News (Media Awareness Project) - US IL: Cops Win Small Battle, But U S Is Blowing Drug War |
Title: | US IL: Cops Win Small Battle, But U S Is Blowing Drug War |
Published On: | 2004-04-08 |
Source: | Chicago Sun-Times (IL) |
Fetched On: | 2008-01-16 16:40:32 |
COPS WIN SMALL BATTLE, BUT U.S. IS BLOWING DRUG WAR
Tim Trevier is a big man with 15 titanium earrings, a diamond nose
ring, a leather do-rag and a modified fu manchu. If you saw him on the
street, you'd look twice, but it would never cross your mind that he
is cop.
At 42, he has been a police officer 19 years. A lieutenant in the
Bureau County Police Department, he is currently detailed to the
Illinois State Police drug task force headquartered in La Salle.
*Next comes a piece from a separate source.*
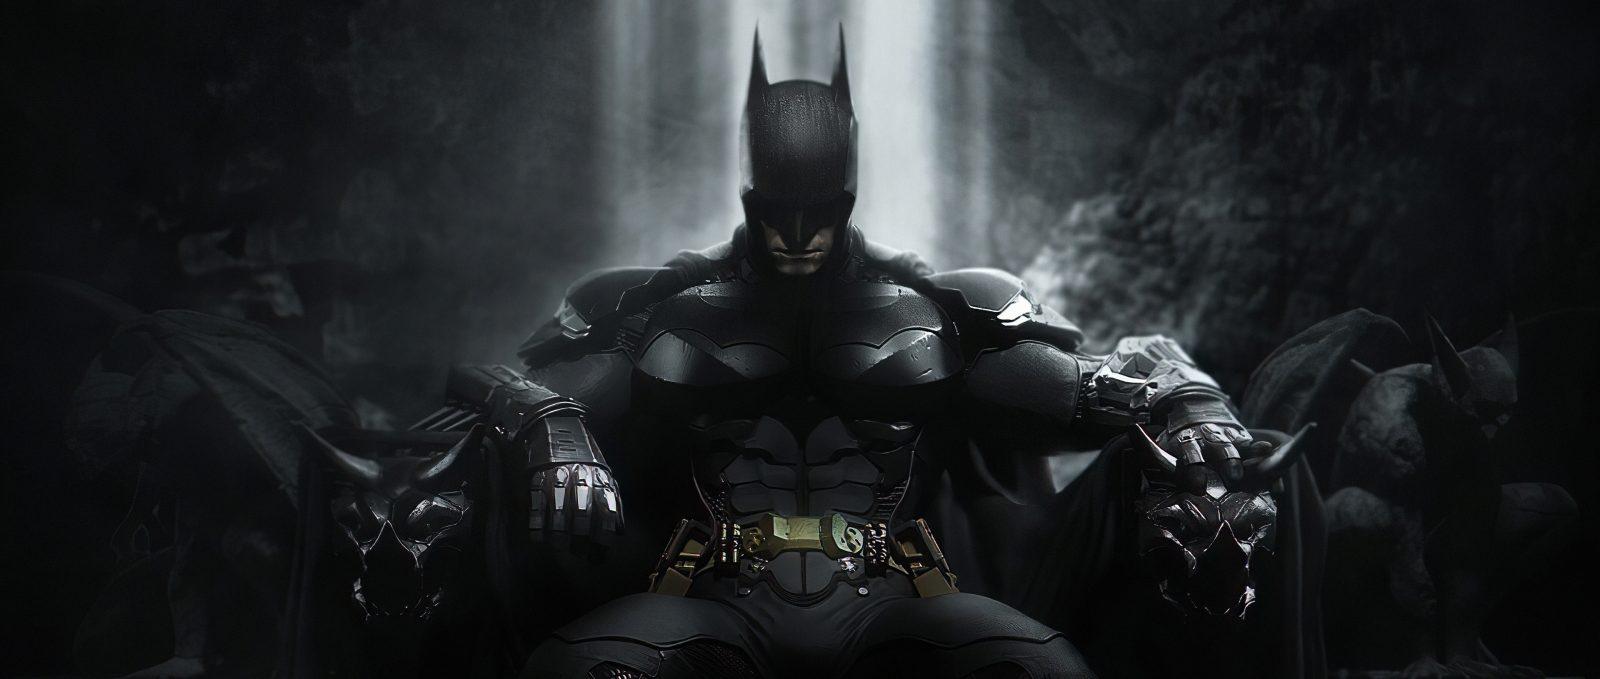 Премьера «Бэтмена» Мэтта Ривза перенесена
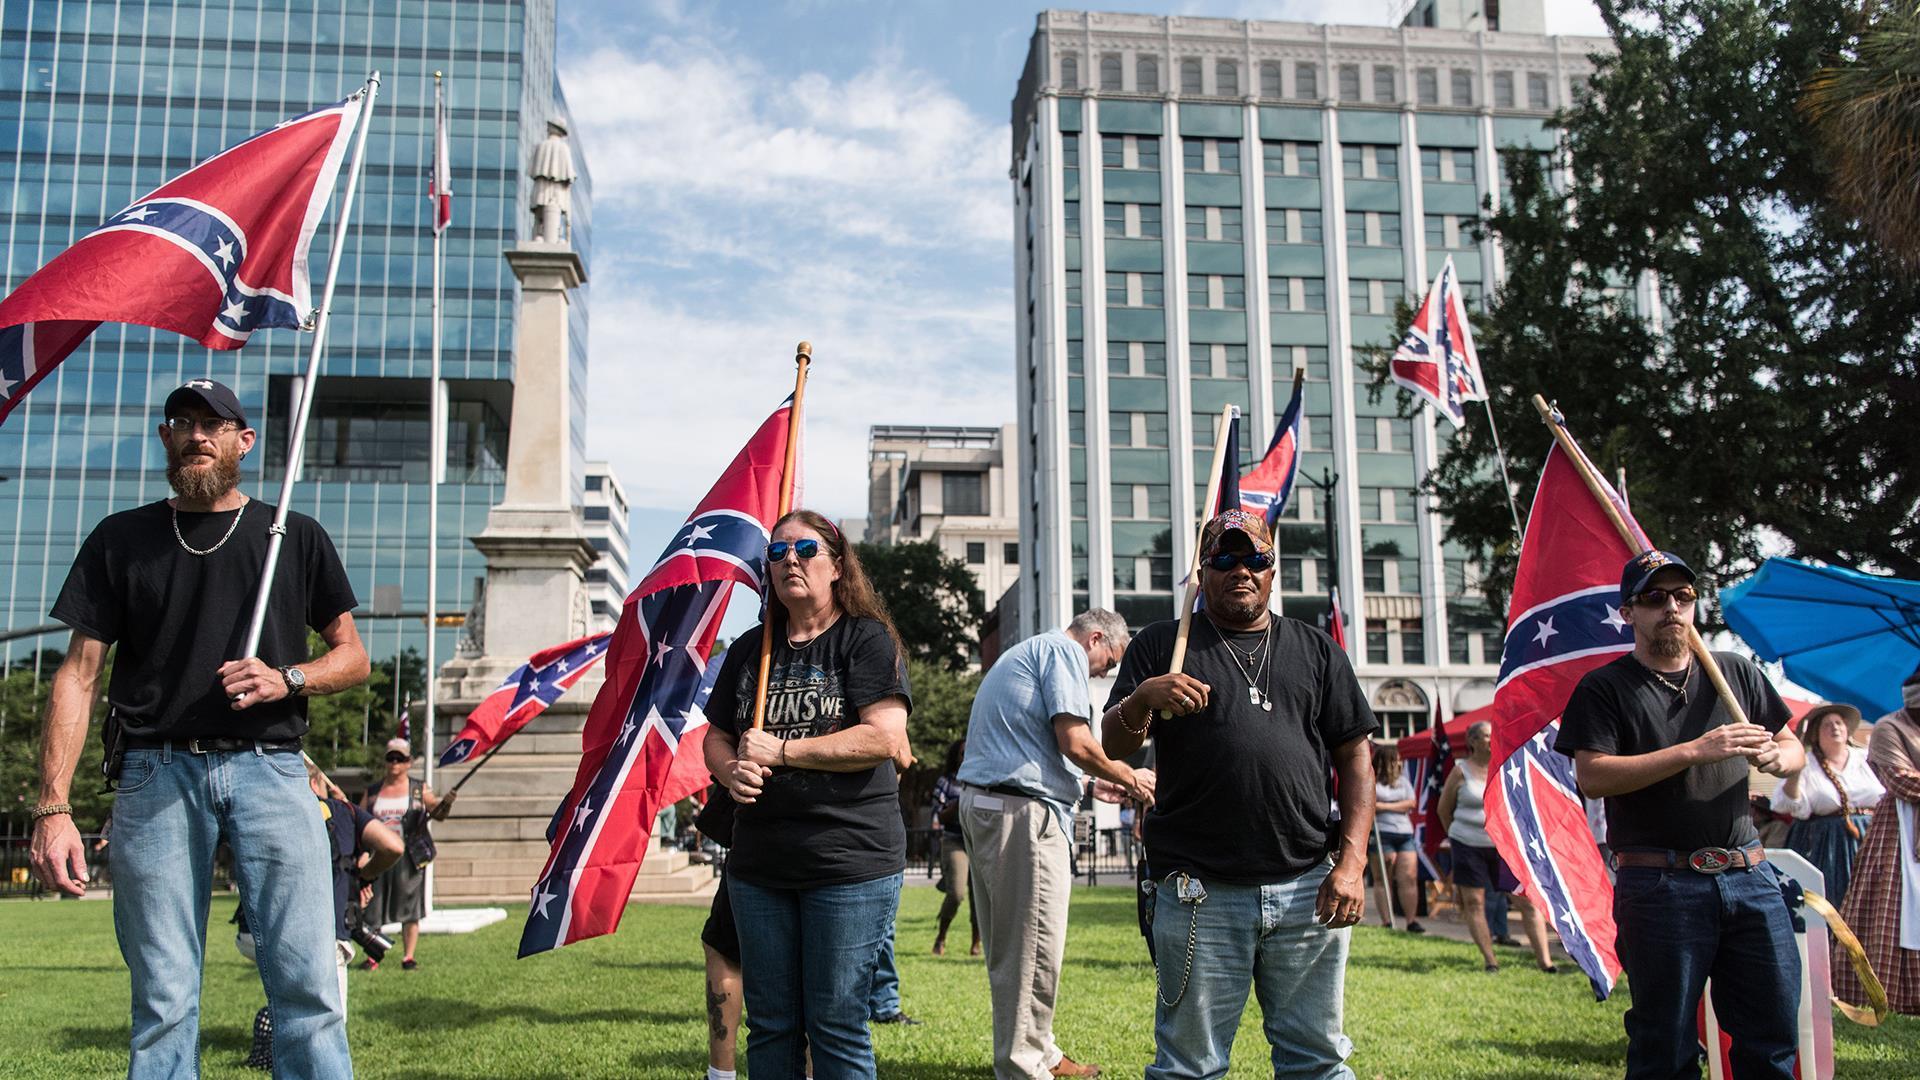 Richmond City Hall Raises Pride Flag, Protests Erupt

Trevier's work takes him into the rural communities of La Salle,
Spring Valley, Ottawa, Utica and Peru. Compared with the urban
landscape of Chicago, this is another world. It is small town America
with main streets and a mix of mostly modest homes and farmland.
Just as Tim Trevier doesn't look like a cop, this bucolic setting
doesn't look like the site of a heroin epidemic, but it is. For the
last three years, more and more high school students and young adults
have been jumping into their cars and driving 90 miles to Chicago's
West Side to score dope.
Heroin today is purer, cheaper and more addictive than it has ever
been. Just 10 bucks for a "blow." User-friendly, you can snort rather
than shoot it. But in no time, you'll be using a needle. And needing
to buy multiple "blows."
And though purity is one of heroin's big selling points, purity kills.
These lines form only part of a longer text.